It is the current intent of the Company to limit the aggregate investment by benefit plan investors to less than 25% of the value of the members’ membership interests so that equity participation of benefit plan investors will not be considered “significant.” The Company reserves the right, however, to waive the 25% limitation.

 

ACCEPTANCE OF SUBSCRIPTIONS ON BEHALF OF INDIVIDUAL RETIREMENT ACCOUNTS OR OTHER EMPLOYEE BENEFIT PLANS IS IN NO RESPECT A REPRESENTATION BY OUR COMPANY OR ITS OFFICERS, DIRECTORS, OR ANY OTHER PARTY THAT THIS INVESTMENT MEETS ALL RELEVANT LEGAL REQUIREMENTS WITH RESPECT TO INVESTMENTS BY ANY PARTICULAR PLAN. THE PERSON WITH INVESTMENT DISCRETION SHOULD CONSULT WITH HIS OR HER ATTORNEY AND FINANCIAL ADVISERS AS TO THE PROPRIETY OF SUCH AN INVESTMENT IN LIGHT OF THE CIRCUMSTANCES OF THAT PARTICULAR PLAN AND CURRENT TAX LAW.

 

EXPERTS

 

Our financial statements for fiscal years ended December 31, 2023 and December 31, 2024 included in this offering circular have been audited by Goldstein and Loggia CPA’s, LLC, as stated in their reports appearing herein.
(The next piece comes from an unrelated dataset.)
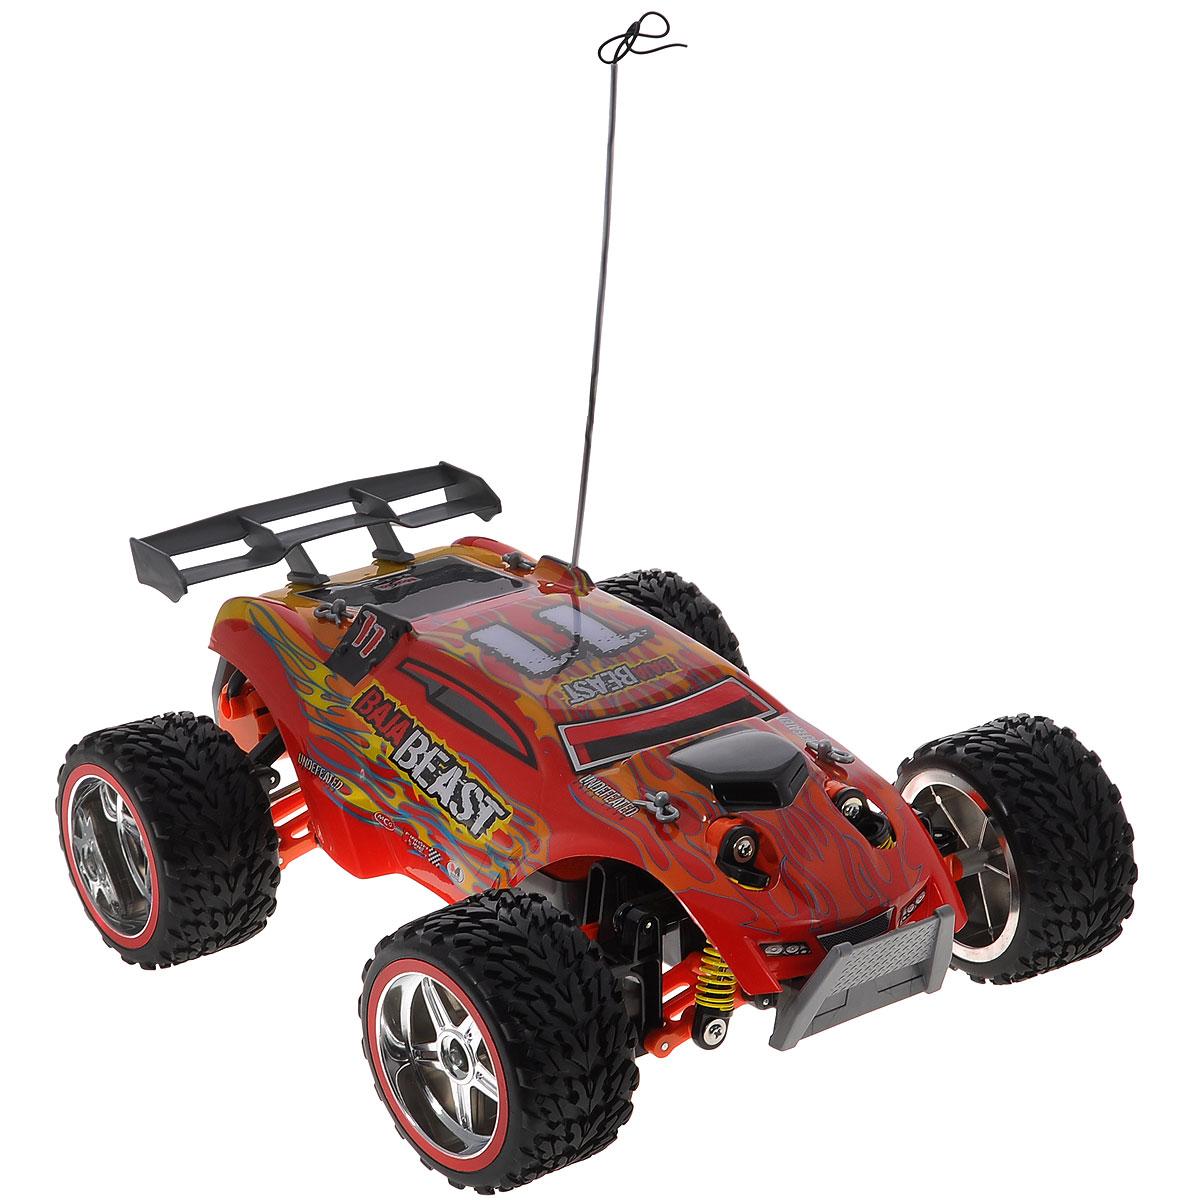 """Радиоуправляемая модель """"Baja Beast"""" с ярким динамичным дизайном обладает легким, но прочным каркасом, повышенной амортизацией колес и усиленной защитой. Все колеса машинки подпружинены. Модель оснащена ручной настройкой выравнивания передних колес. Скорость движения регулируется силой нажатия кнопки на пульте управления. Машинка движется вперед, дает задний ход, поворачивает влево и вправо, останавливается. Пульт управления имеет три канала, что позволяет одновременно играть трем игрокам. Такая модель станет отличным подарком не только любителю автомобилей, но и человеку, ценящему оригинальность и изысканность, а качество исполнения представит такой подарок в самом лучшем свете. Машина работает от аккумулятора 7,2V (входит в комплект), пульт управления работает от батареи напряжением 9V (входит в комплект)."""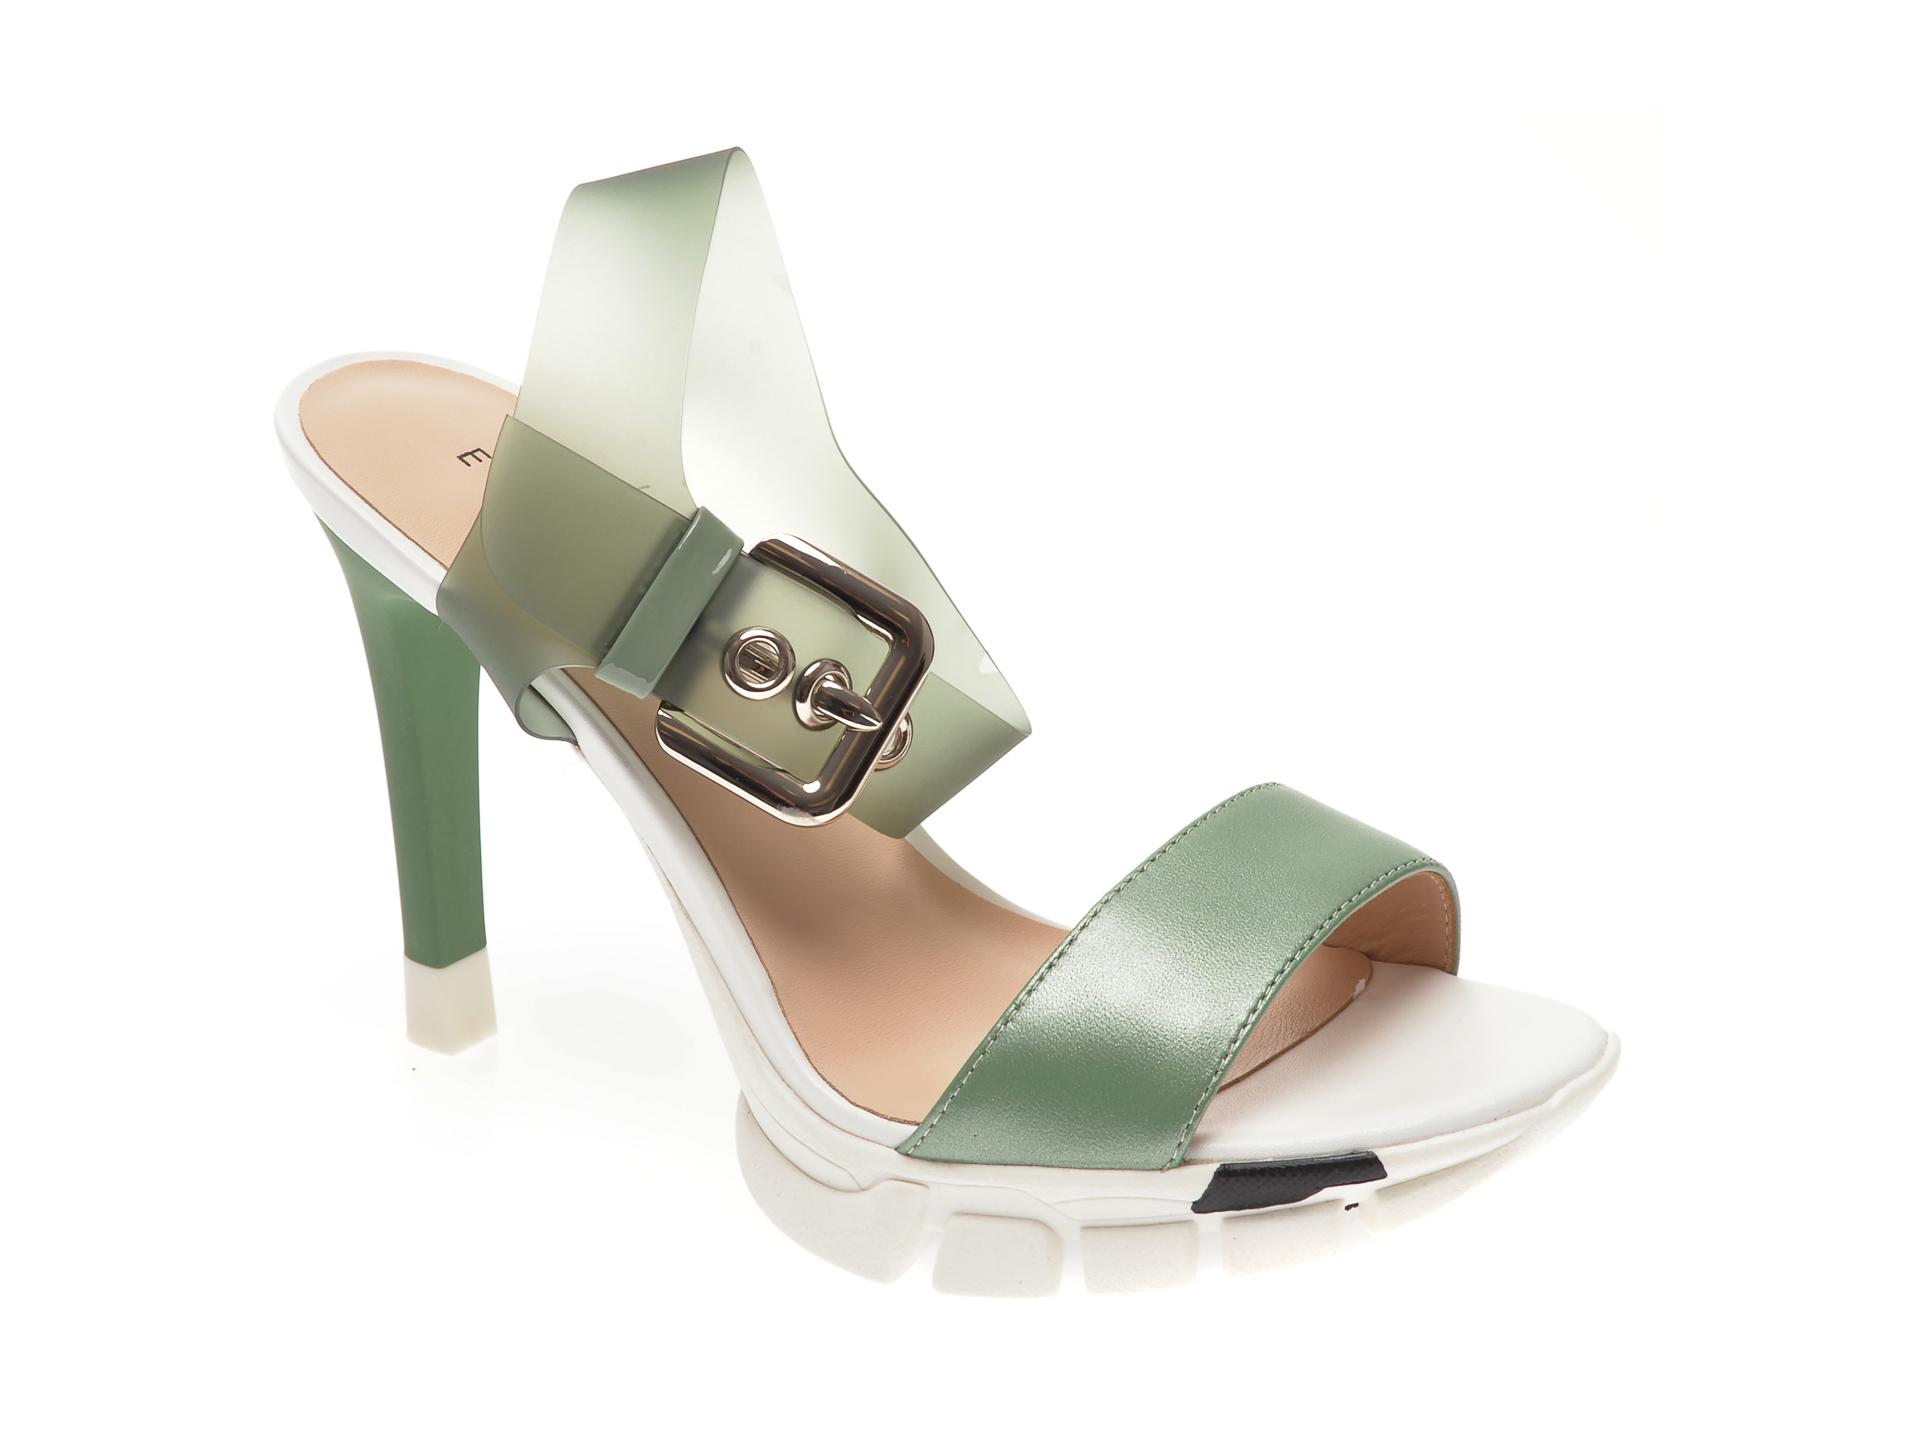 Sandale EPICA verzi, 1831630, din piele naturala

Such financial statements have been so included in reliance upon the report of such firms given upon their authority as experts in accounting and auditing.

  

WHERE YOU CAN FIND ADDITIONAL INFORMATION

 

We have filed with the SEC an offering statement on Form 1-A under the Securities Act with respect to the Shares offered by this Offering Circular. This Offering Circular does not contain all of the information included in the Offering Statement, portions of which are omitted as permitted by the rules and regulations of the SEC. For further information pertaining to us and the Shares to be sold in this offering, you should refer to the offering statement and its exhibits. Whenever we make reference in this offering circular to any of our contracts, agreements or other documents, the references are not necessarily complete, and you should refer to the exhibits attached to the offering statement for copies of the actual contract, agreement or other document filed as an exhibit to the offering statement or such other document, each such statement being qualified in all respects by such reference. Upon the qualification of this offering, we will be subject to the informational requirements of Tier 2 of Regulation A and will be required to file annual reports, semi-annual reports, current reports and other information with the SEC. We anticipate making these documents publicly available, free of charge, on our website as soon as reasonably practicable after filing such documents with the SEC.

 

You can read the Offering Statement and our future filings with the SEC over the Internet at the SEC’s website at www.sec.gov. You may also read and copy any document we file with the SEC at its public reference facility at 100 F Street, N.E., Room 1580, Washington, D.C. 20549. You may also obtain copies of the documents at prescribed rates by writing to the Public Reference Section of the SEC. Please call the SEC at 1-800-SEC-0330 for further information on the operation of the public reference facilities.

 

We will answer inquiries from potential investors concerning the Shares, the Company and other matters relating to the offer and sale of the Shares under this Offering Circular. We will afford the potential investors the opportunity to obtain any additional information to the extent we possess such information or can acquire such information without unreasonable effort or expense that is necessary to verify the information in this Offering Circular.

 

Requests and inquiries regarding this offering circular should be directed to:

 

RYSE Inc.

20 Camden St., Toronto, Ontario, Canada M5V 1V1

929-219-3299

 

We will provide the requested information to the extent that we possess such information or can acquire it without unreasonable effort or expense.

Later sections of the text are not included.